Verified step by step guidance1
Start by recalling the formula for the discharge of a capacitor through a resistor: \( I(t) = I_0 e^{-t / \tau} \), where \( I(t) \) is the current at time \( t \), \( I_0 \) is the initial current, and \( \tau \) is the time constant of the circuit.
The time constant \( \tau \) is defined as \( \tau = RC \), where \( R \) is the resistance and \( C \) is the capacitance. In this problem, \( R = 100 \ \Omega \).
From the problem, the current decreases to 25% of its initial value in \( t = 2.5 \ \text{ms} \). Substitute \( I(t) = 0.25 I_0 \) and \( t = 2.5 \times 10^{-3} \ \text{s} \) into the discharge formula: \( 0.25 I_0 = I_0 e^{-t / \tau} \).

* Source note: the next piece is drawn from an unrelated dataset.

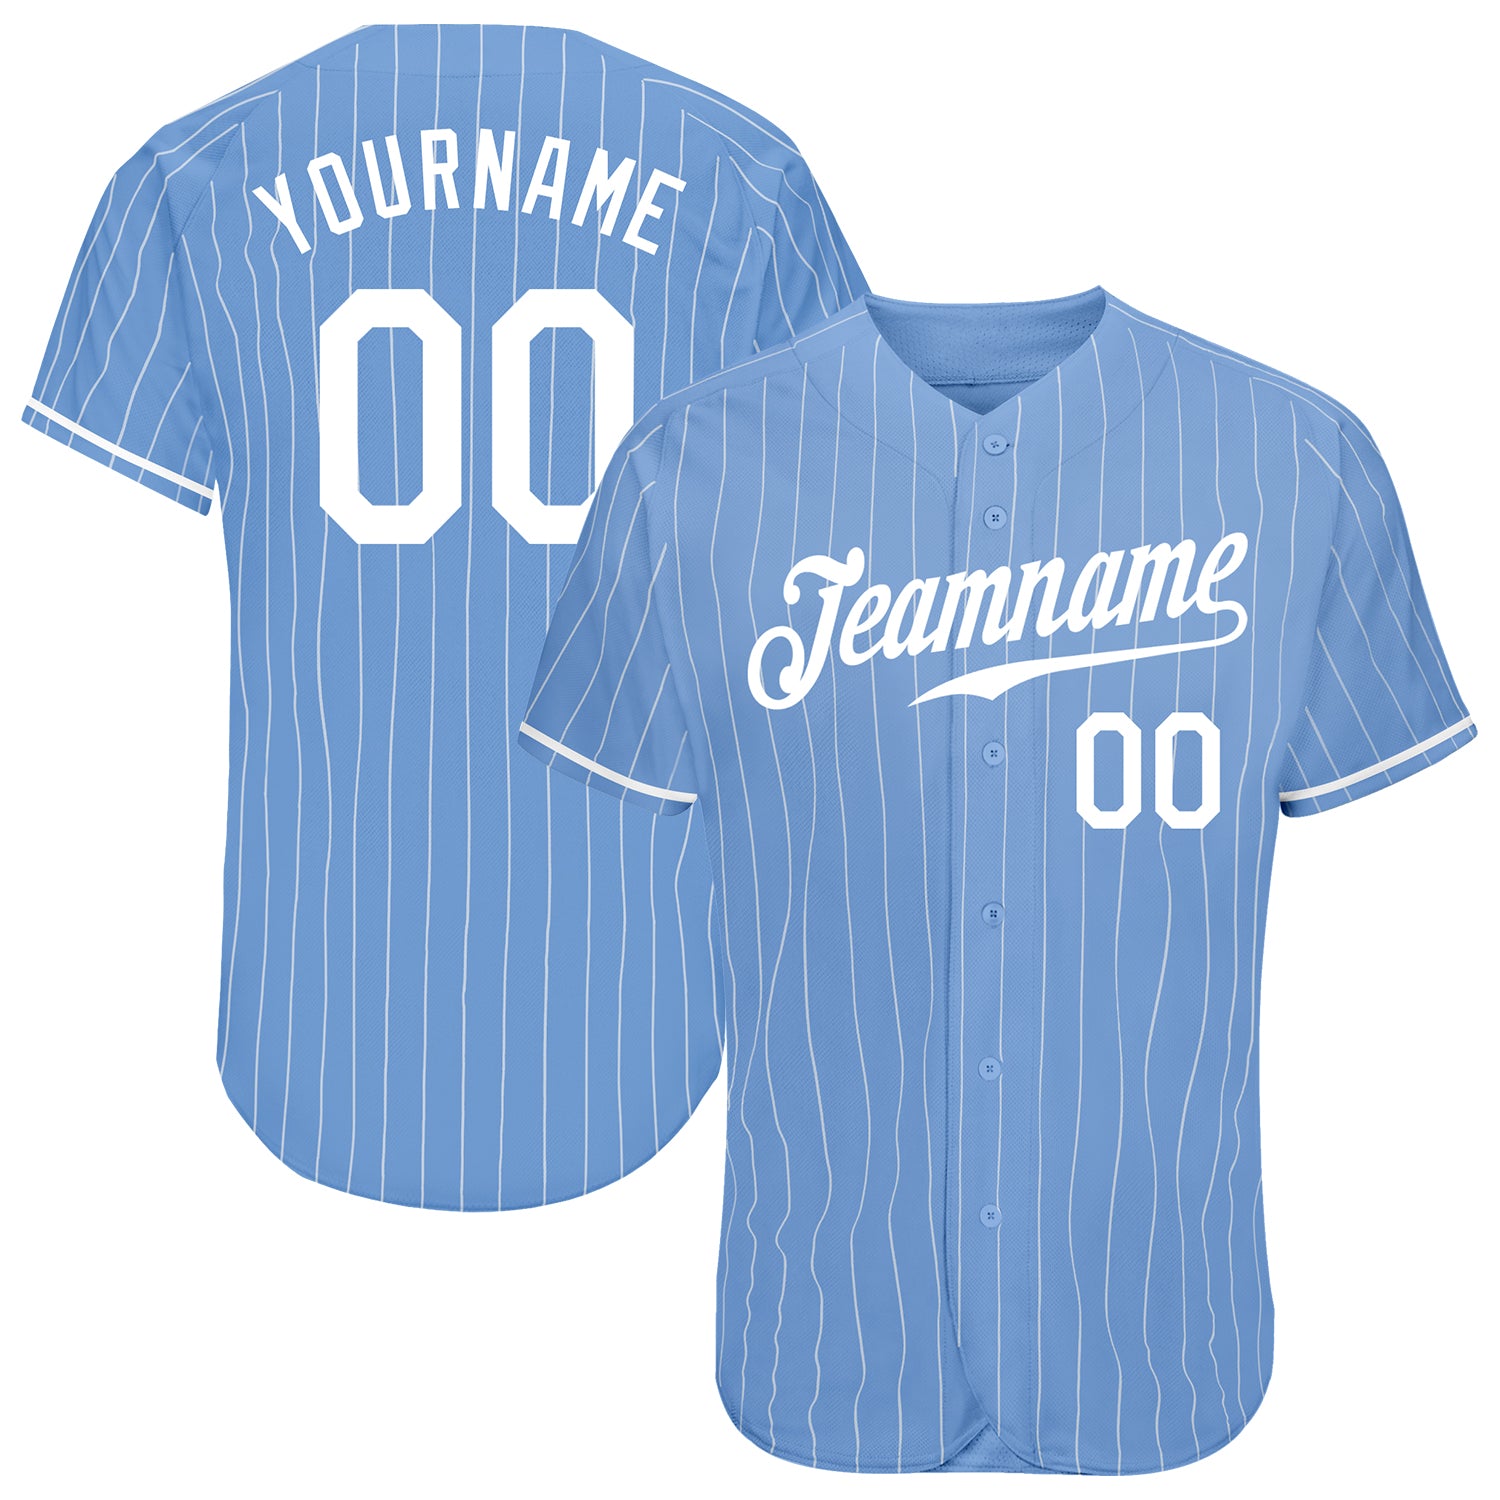  Custom Pinstripe Baseball Jersey Customized Softball

Simplify the equation by dividing through by \( I_0 \): \( 0.25 = e^{-t / \tau} \). Take the natural logarithm of both sides: \( \ln(0.25) = -t / \tau \).
Solve for \( \tau \): \( \tau = -t / \ln(0.25) \). Substitute \( t = 2.5 \times 10^{-3} \ \text{s} \) and calculate \( \ln(0.25) \). Finally, use \( \tau = RC \) to solve for \( C \): \( C = \tau / R \).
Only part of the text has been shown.